From the Desk of Fr. Andrew
May is an incredibly busy time in our parish and in our school. It seems like we are cramming two months’ worth of events into one as we make the mad dash toward June and the summer break. We have celebrated six First Communions and a Confirmation. We are fitting in our last flurry of weddings before our summer roof project. There are graduations to celebrate and a school year to wrap up. Easily lost in all that busyness is the end of the Easter season and the celebration of two of our holiest Sundays in the liturgical year.
40 days after Easter Sunday, Jesus ascended to Heaven. 50 days after Easter, the Holy Spirit descended upon the disciples and the Blessed Mother at Pentecost. Yes, 40 days after Easter falls on Thursday, which is the traditional date of the Ascension. In the majority of dioceses in the United States, we have celebrated the Ascension on the 7th Sunday after Easter since 1991.
The Ascension is often passed over in terms of importance in the Catholic mind, yet it is one of our fundamental mysteries of faith. It is not about Jesus going away and leaving the Church in His stead. Today we celebrate that Jesus went to His Father’s house to prepare a dwelling place for each of us. It is about our eternal destiny, that which awaits us after living faithfully in relationship with the Lord. We don’t die someday and then head to an eternity that is foreign to us, like a Martian landscape. The choices we make in this life resonate into eternity. If we live in relationship with Jesus, speaking to Him every day, seeking to obey Him always, and asking pardon for our sins, then, that relationship will continue into eternity. We will enter the dwelling place He prepared for us in the presence of His Heavenly Father. Now, if we live life as if God doesn’t exist, that too will continue into eternity.
The Ascension means that our ultimate home is not here on Earth. We were made for Heaven. We were exiled by sin, but that exile is not forever. We have hope that we can be with Jesus forever because of what He promised us. He promised an Advocate, the Spirit who looks out for us.
Pentecost is the third holiest day of the Catholic calendar. A little known fact is that the Vigil Mass for Pentecost can be celebrated with similar solemnity to the Easter Vigil. That is, with 4 Old Testament readings, an epistle, and a Gospel. What a surprise for the 5pm Saturday crowd that would be if we pulled that out next week! The point is that Pentecost is a solemnity of paramount importance.
Pentecost is the birth of our Church, the moment when the Spirit poured out from Heaven upon the disciples of Jesus and equipped them to evangelize. Without the Holy Spirit, we are nothing. Without the Spirit, we sinful humans would have destroyed this Christian exercise over a millennium ago. The Holy Spirit breathes life into our Christian lives.

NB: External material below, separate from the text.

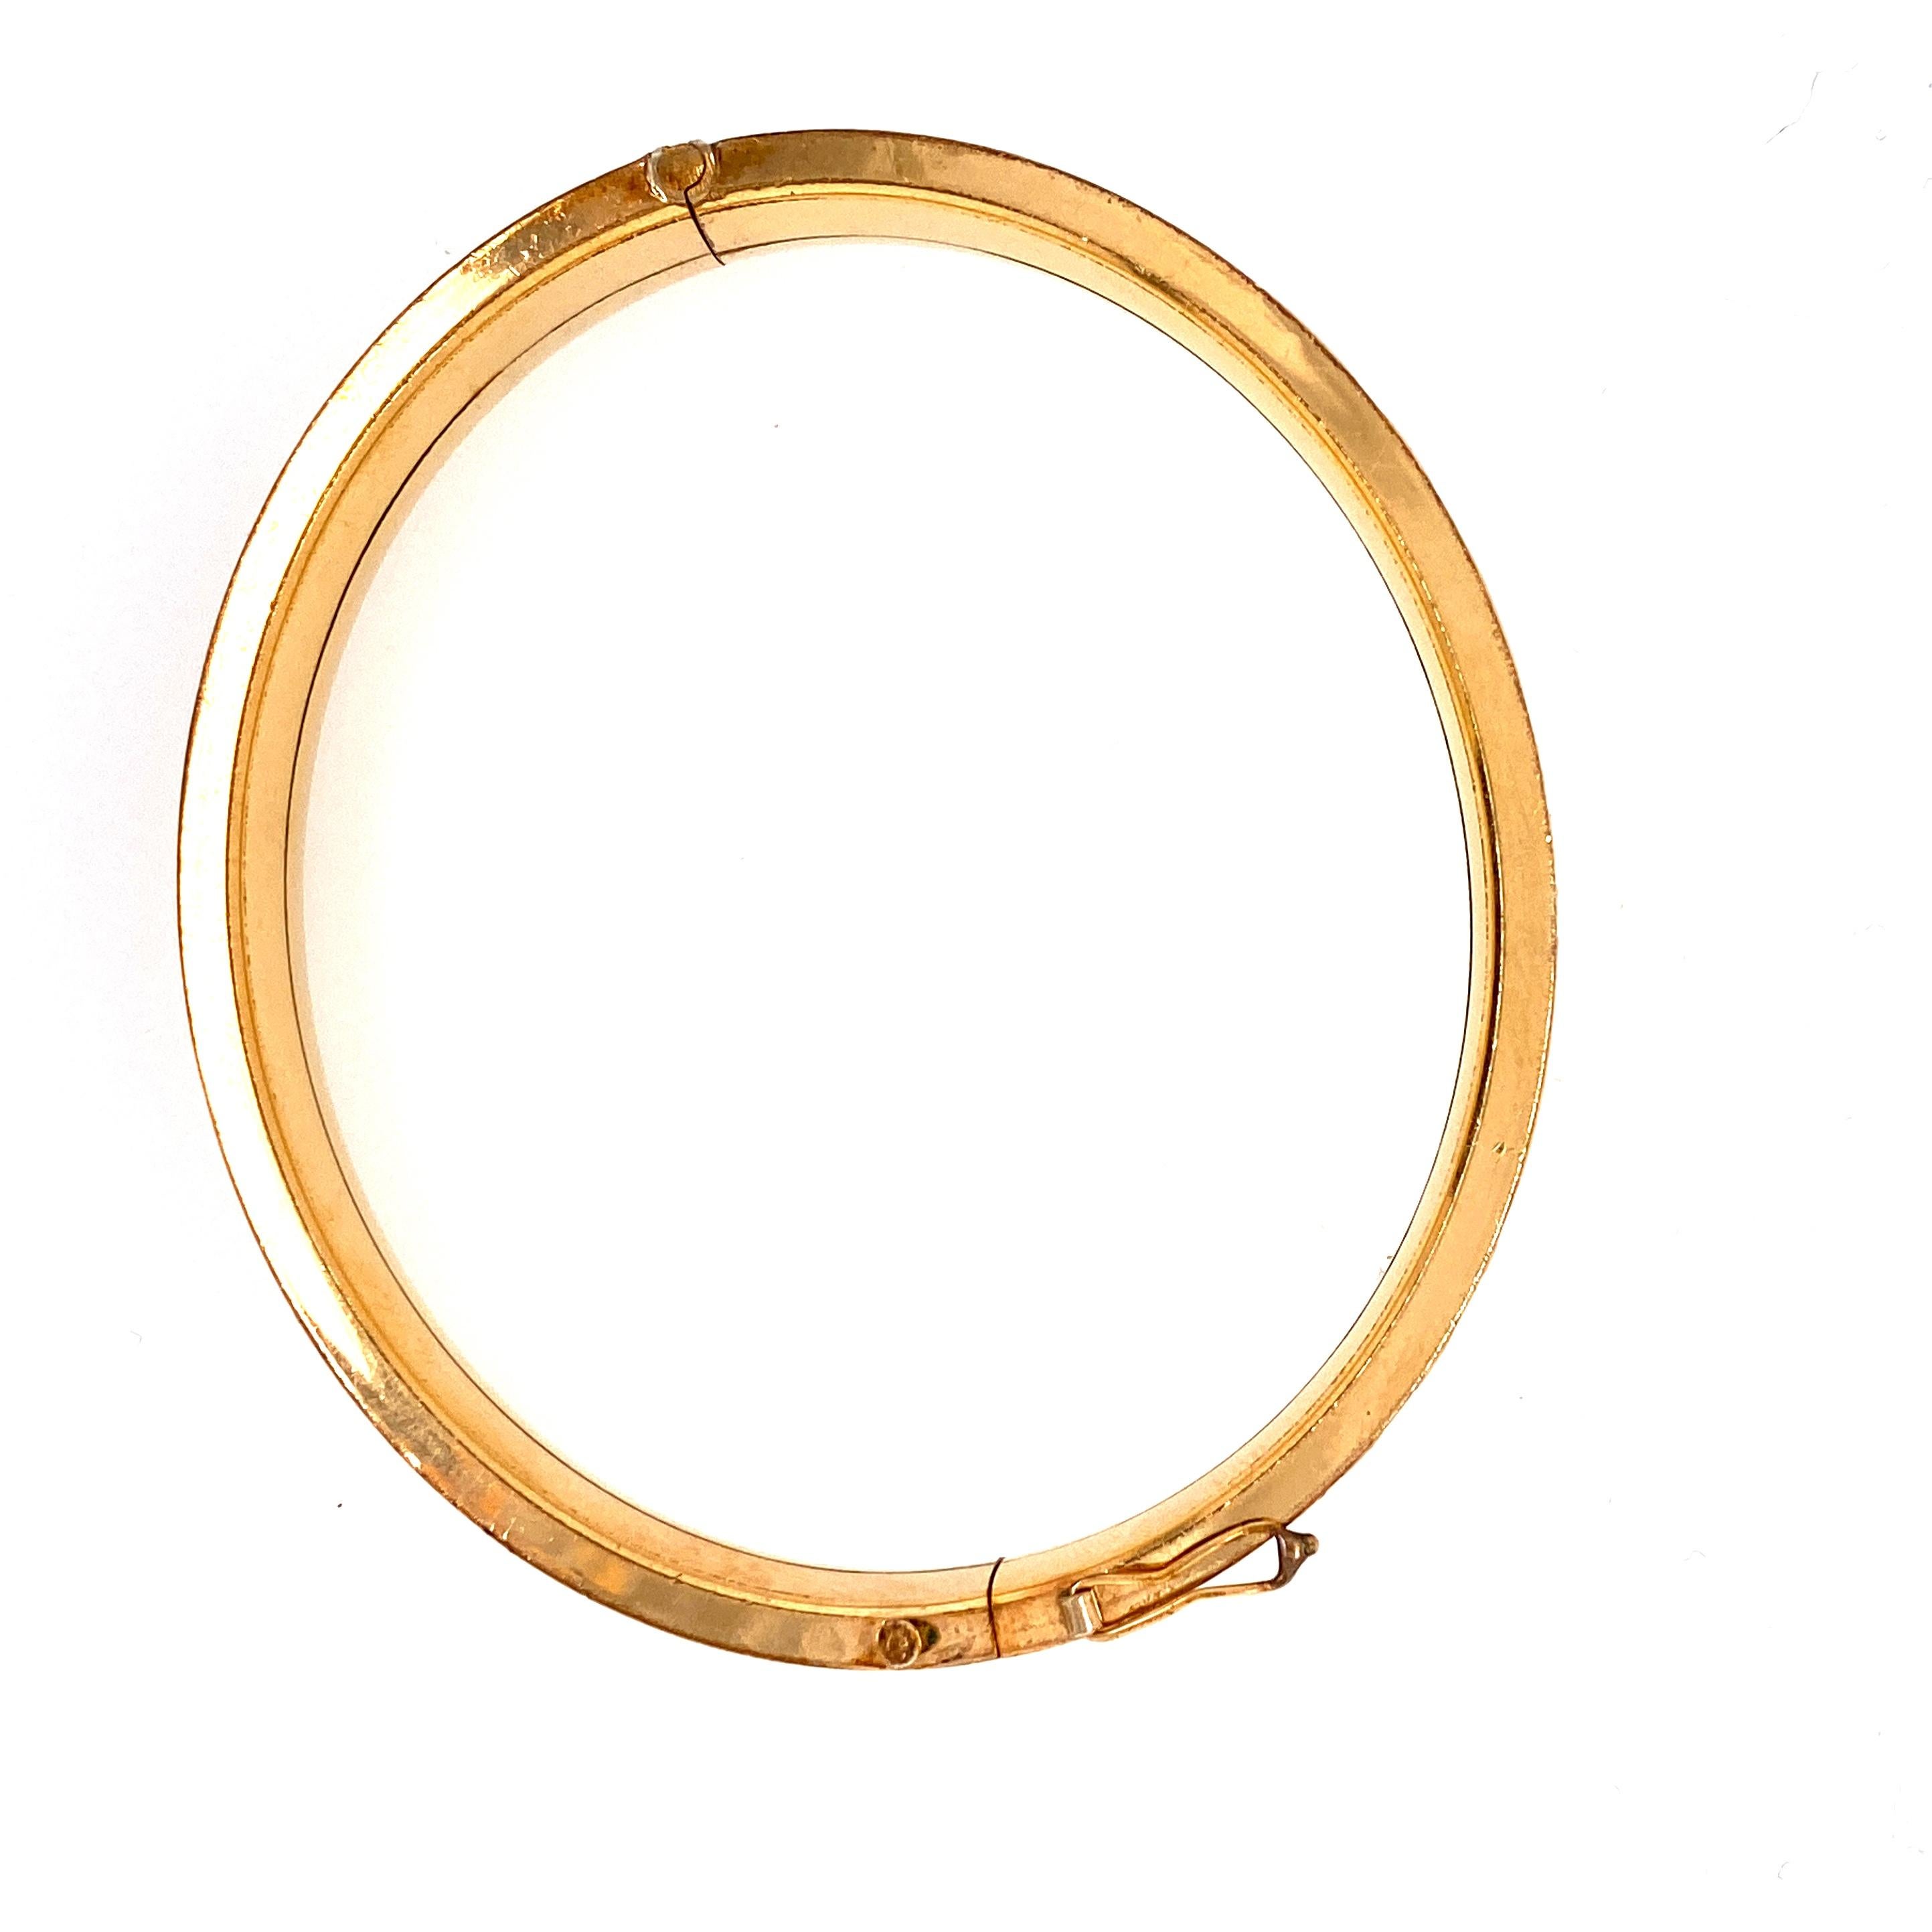 One 14 Karat rolled gold plated (stamped 14KRGP GERMANY) engraved hollow bangle bracelet measuring 10mm wide, with hinge hidden clasp with figure eight safety.  Circa 1950s.  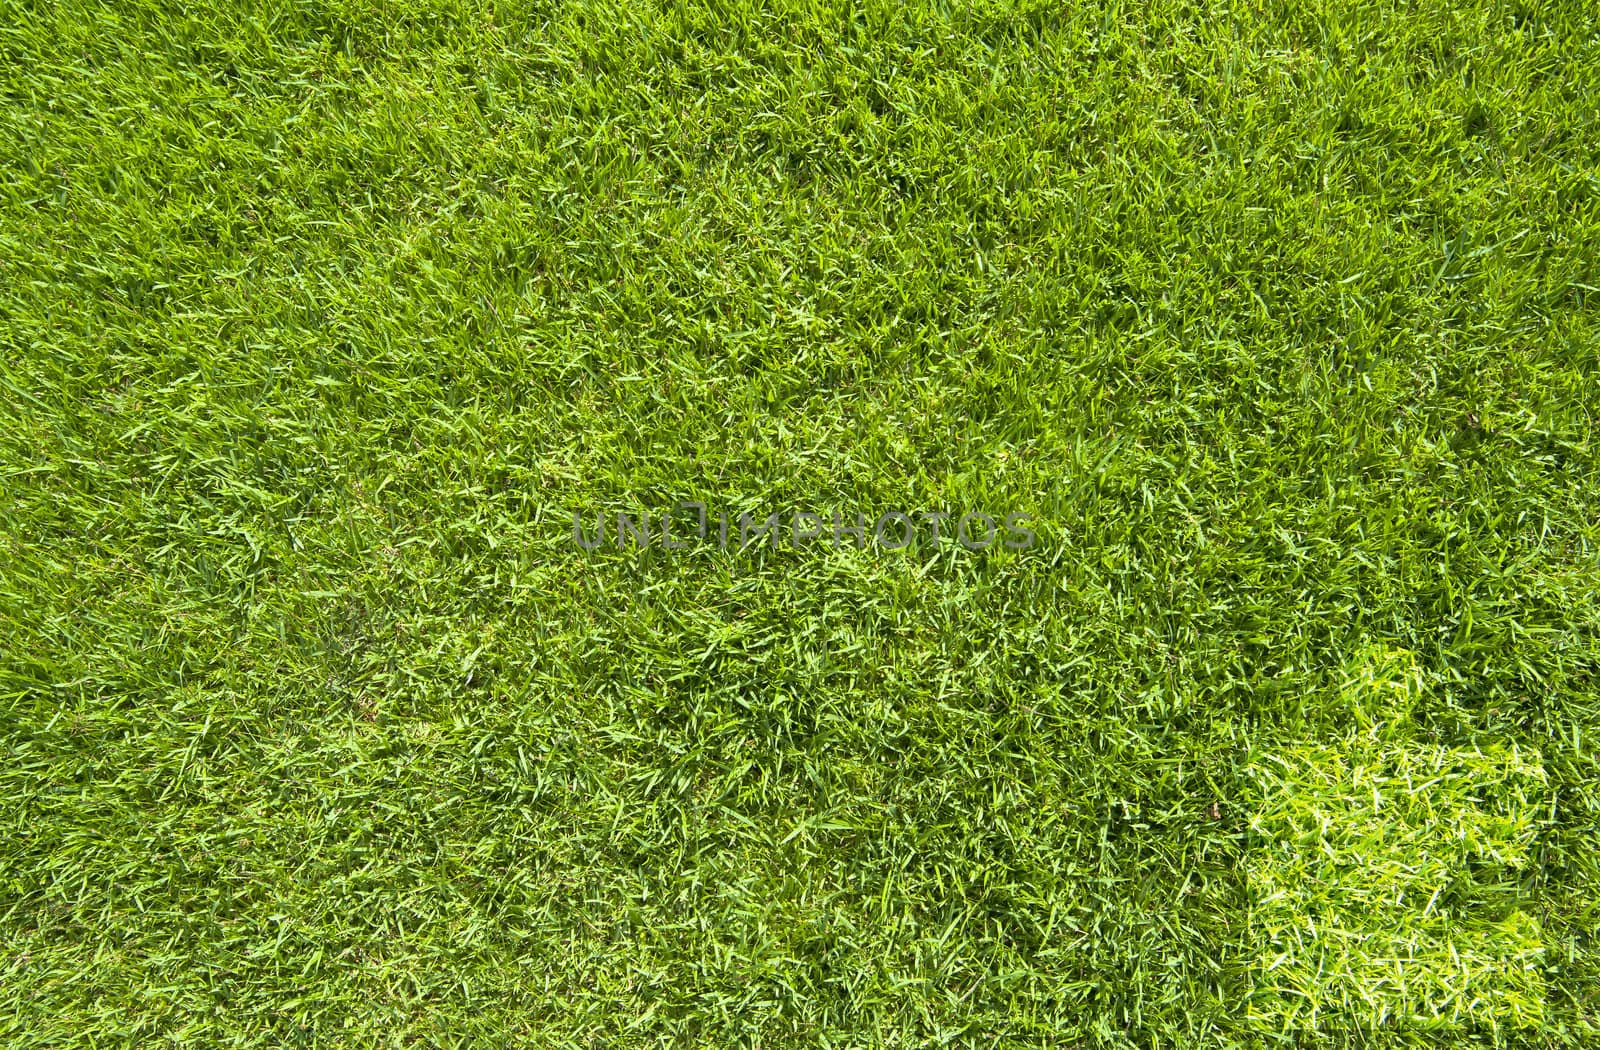 Jigsaw on green grass texture and background

It transforms the soul at Baptism, Confirmation, and Ordination. The Spirit transforms bread and wine into the Body and Blood of Our Lord. The Spirit heals us bodily and spiritually. It seals the love of a man and woman into the sacred covenant of matrimony. The Holy Spirit guides history according to divine providence and fulfills the will of the Heavenly Father in every way. Brothers and sisters, there is no life of grace in us, there is no eternal reward for us without the powerful movement of the Holy Spirt.
Ascension and Pentecost round out the Easter season. They take us beyond our earthly lives to our eternal destiny. In them, we celebrate everything Jesus has done for us and continues to do for us. Do not take the next two Sundays for granted. Make them times of prayer as we thank the Lord for His great mercy in our lives. His plan is far more marvelous than we can imagine. Happy Ascension and Happy Pentecost!